06/02/2015 05:47 GMT | Updated 01/05/2015 06:59 BST

BBC Question Time: Tristram Hunt Under Fire For 'Sneering' At Nuns

Tristram Hunt has been forced to apologise after questioning the quality of nuns' teaching on BBC Question Time.

On Thursday night's programme, Labour's shadow education secretary took issue with journalist Christina Odone, former editor of the Catholic Herald, when she spoke about her "inspiring" teaching at a religious school.

"You know what, they taught values, not British values, they taught real values," she said.

Hunt butted in to ask if the teachers were nuns, which Odone confirmed, leading him to respond: "I know about your religious schooling, and there's a difference, I think, between having a state education system having qualified teachers in the classroom."

See more on General Election 2015

Odone shot back: "Sorry, I think I know about my schooling better than you Tristram."

Tristram Hunt looks on as Christina Odone speaks on Question Time

Hunt later apologised on Twitter, insisting he "obviously meant no offence to nuns" and was trying to make a "generalised point about the use of unqualified teachers in schools".

His remarks on the show provoked outrage, with Hunt being accused of "sneering" at faith schools. Marcus Jones, Tory MP for Nuneaton, told the Huffington Post UK that nuns from his constituency would be "unimpressed".
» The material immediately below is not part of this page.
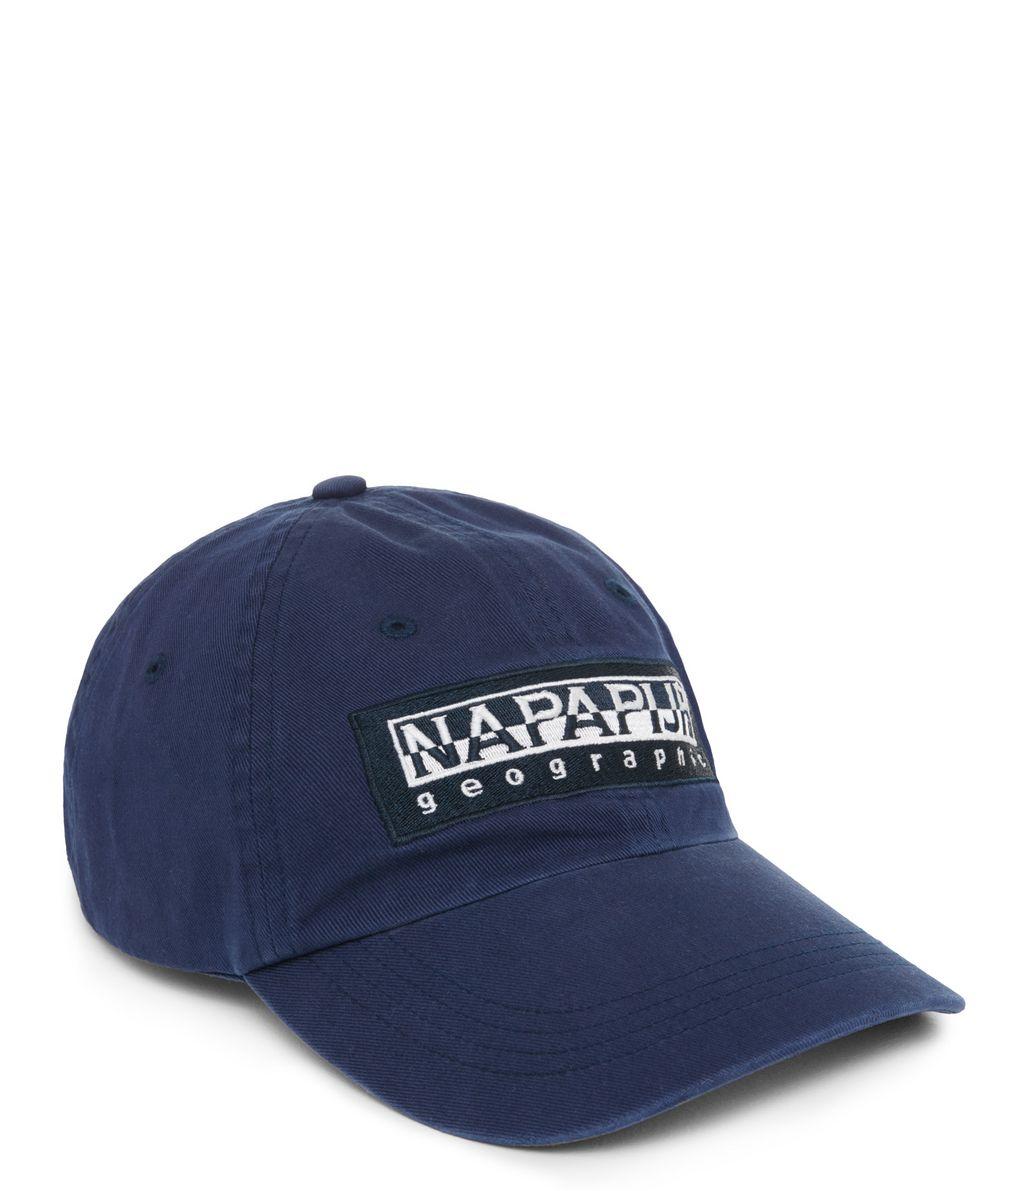 NAPAPIJRI FLON  HAT,DARK BLUE

"As a former Roman Catholic school pupil," he added, "[I] don't think he will get too many christmas cards from Roman Catholic schools."
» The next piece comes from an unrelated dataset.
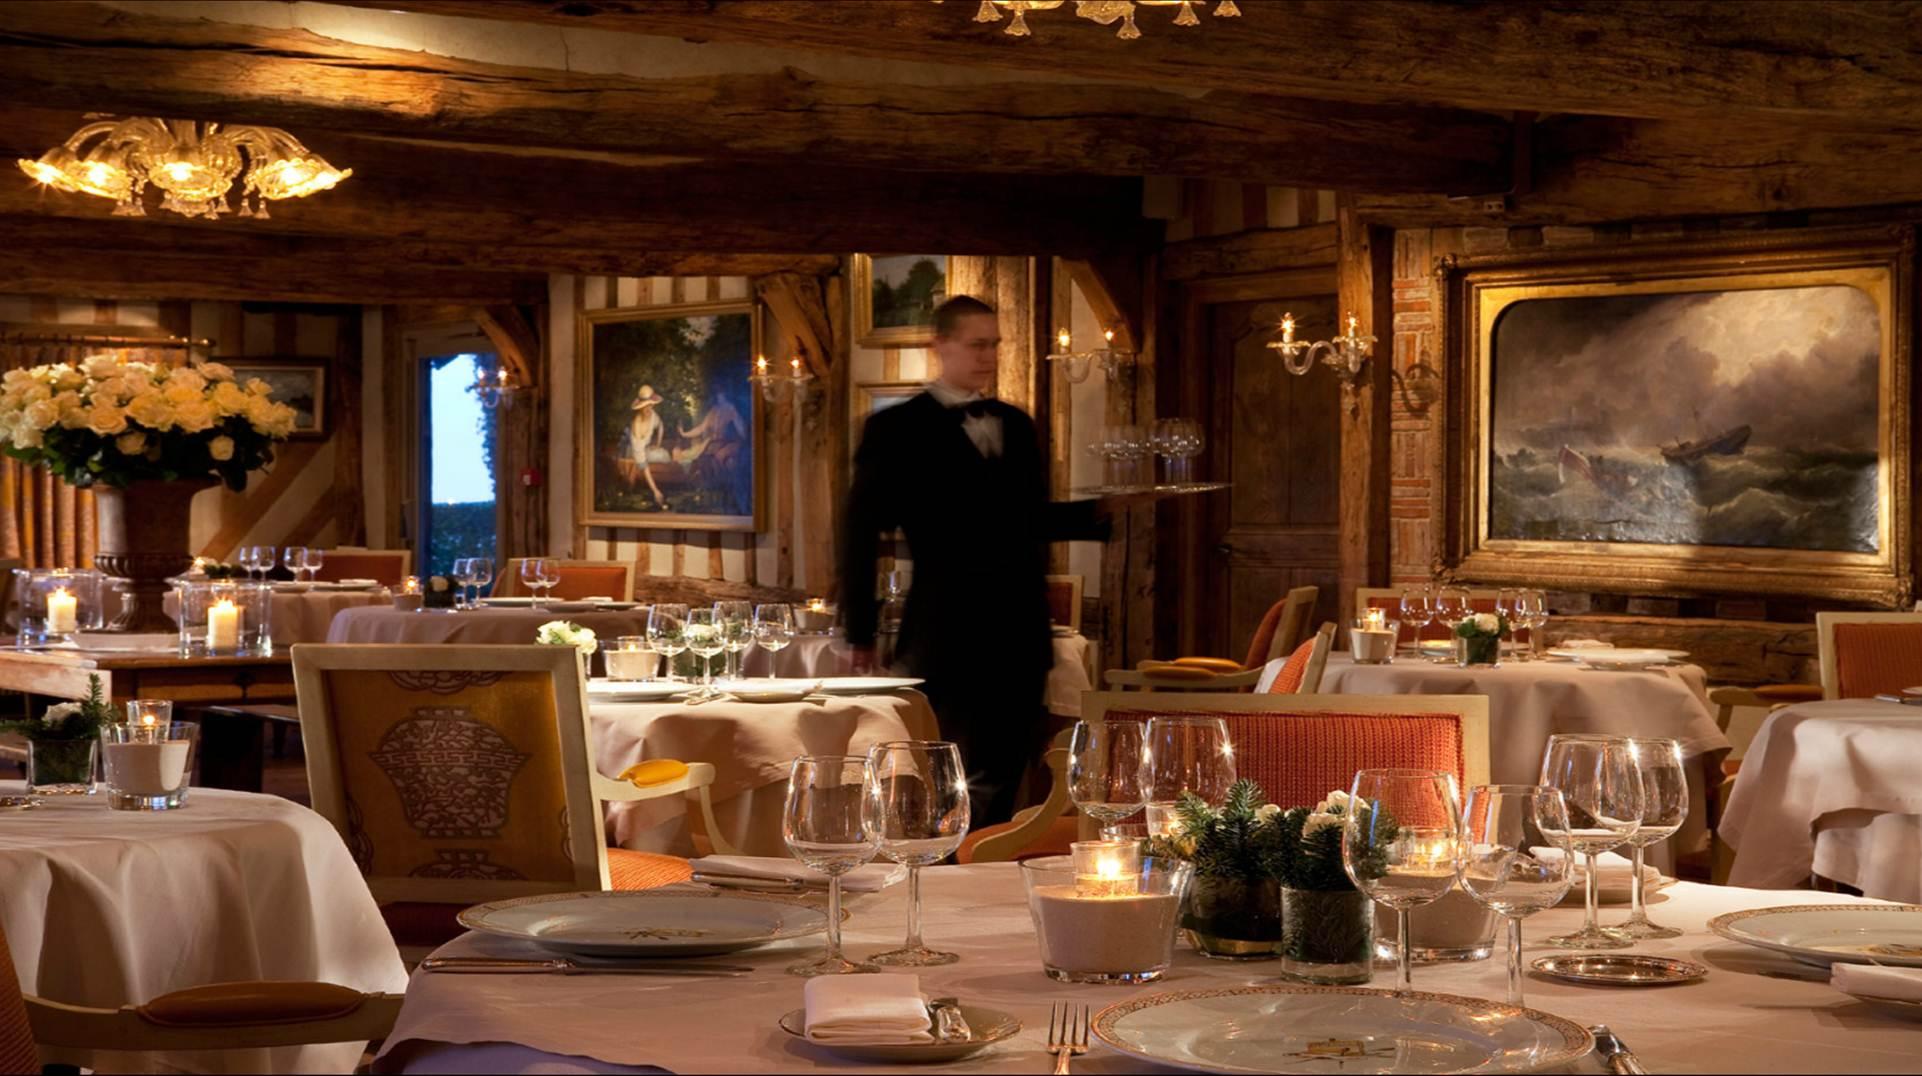 ferme-saint-simeon-hotel-veronese-4

Meanwhile, Damian McBride, Gordon Brown's former chief spin doctor, branded him a "dick".

Hunt's Question Time row came on the same episode that Respect MP George Galloway was heckled when panellists discussed the rising tide of anti-semitism. The Labour shadow education secretary was previously accused of being patronising after telling a parent and a teachers' group on Twitter to "stop moaning" and "do some work".

After a parent complained of only being given generalities about Labour policies, Hunt told him, and the anti-coalition protest group "Teacher Roar", to go and "read the speeches", adding: "Your industry will be rewarded".